MR. DODD: Well, I ask you to be handed Document Number EC-255.

[The document was handed to the defendant.] Mr. President, this becomes Exhibit USA-839.

[Turning to the defendant.] Now, in this letter from Von Blomberg, I am only concerned now with the last sentence, really. You will notice that Von Blomberg, in this letter, refers to the fact that Schacht had been appointed, but the last sentence says, or in the next to the last paragraph he first urges that you be appointed immediately, and that is underlined in his letter; and in the last paragraph he says:

“The urgency of unified further work on all preparations for the conduct of the war does not admit of this office being paralyzed until 15 January 1938.”
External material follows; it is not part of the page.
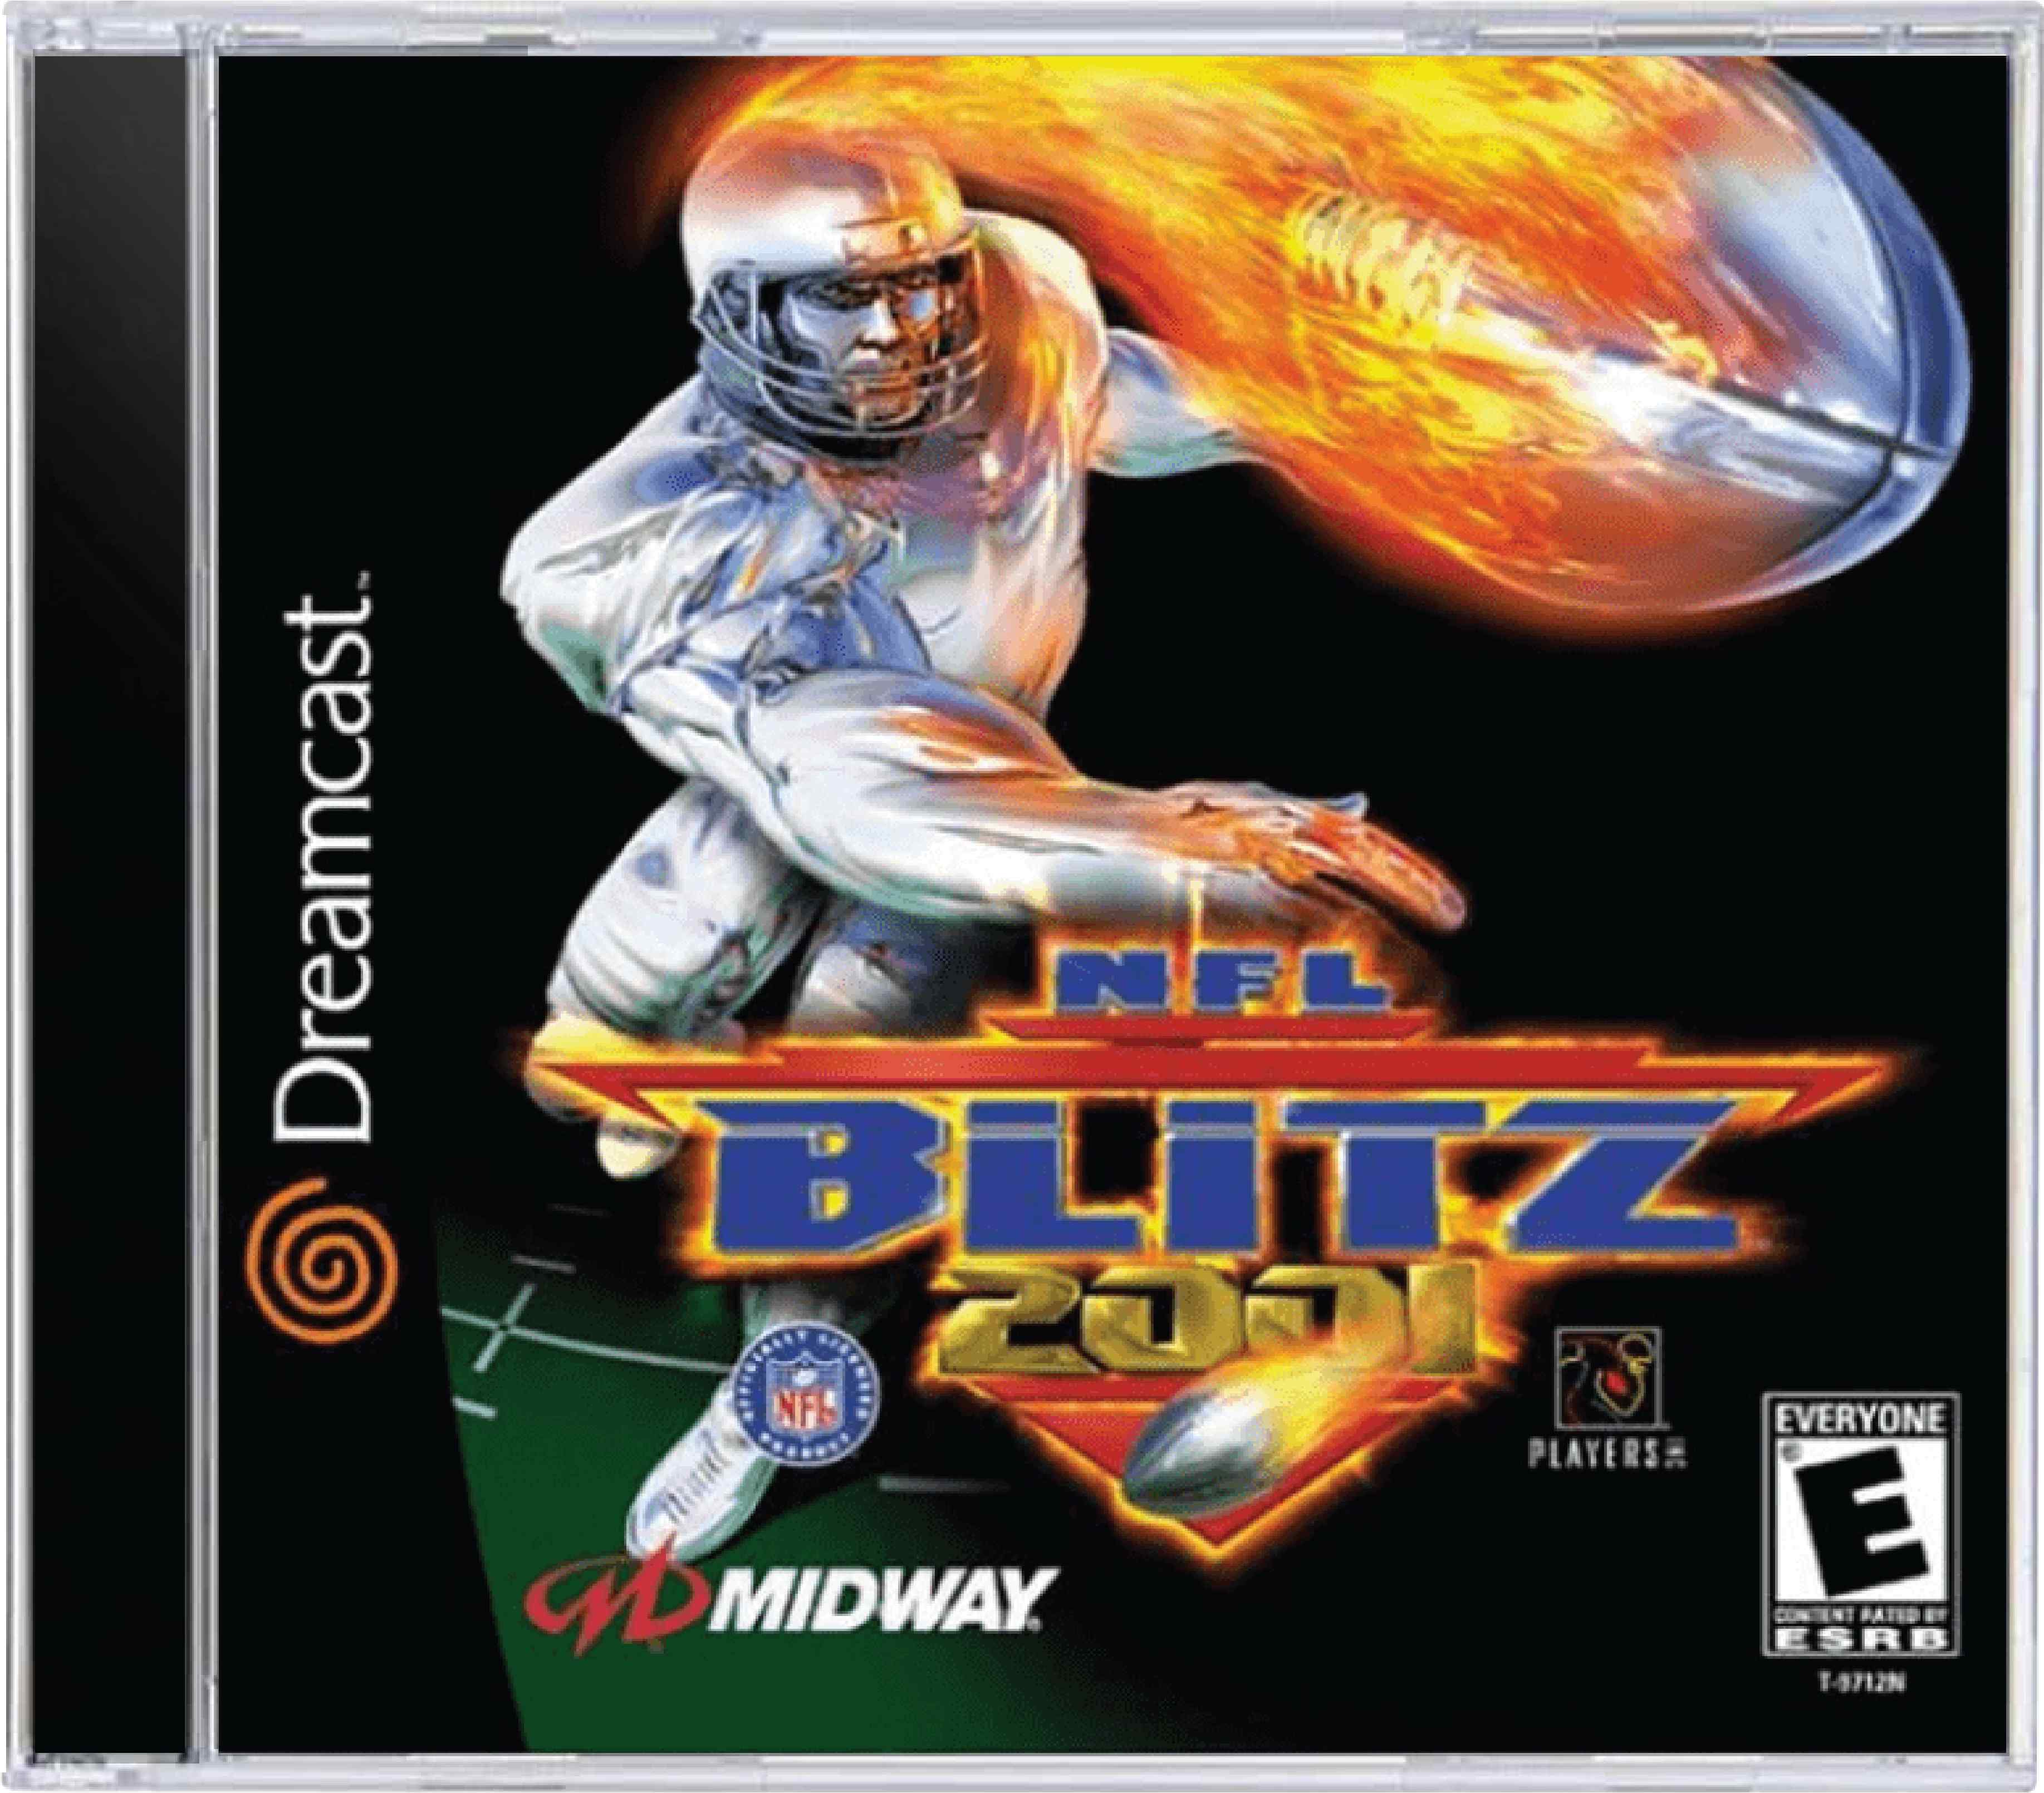 NFL Blitz 2001 Cover Art

This letter, by the way, was written on 29 November 1937. Certainly Von Blomberg thought that the job that he was suggesting you for would have some very great effect upon the conduct of the war, did he not?

FUNK: That may be, but in the first place, I do not know about that letter and, secondly, I was not immediately appointed Plenipotentiary for Economy but only in the course of 1938. Quite some time after I had been appointed Minister for Economics I asked Lammers why my appointment as Plenipotentiary for Economy had taken so long; he replied that my relationship to the Delegate for the Four Year Plan had to be cleared up first. That was the reason why several months passed before I became Plenipotentiary for Economy, because it had to be ascertained that Göring had the decisive authority for war economy...

MR. DODD: You really do not need to go into all that.

FUNK: I do not know about that letter, and I have never spoken to Von Blomberg about the affair.

MR. DODD: All right. You do recall perhaps that the OKW, after you were appointed, made some objection about the amount of authority that you had. Do you remember that?

FUNK: No.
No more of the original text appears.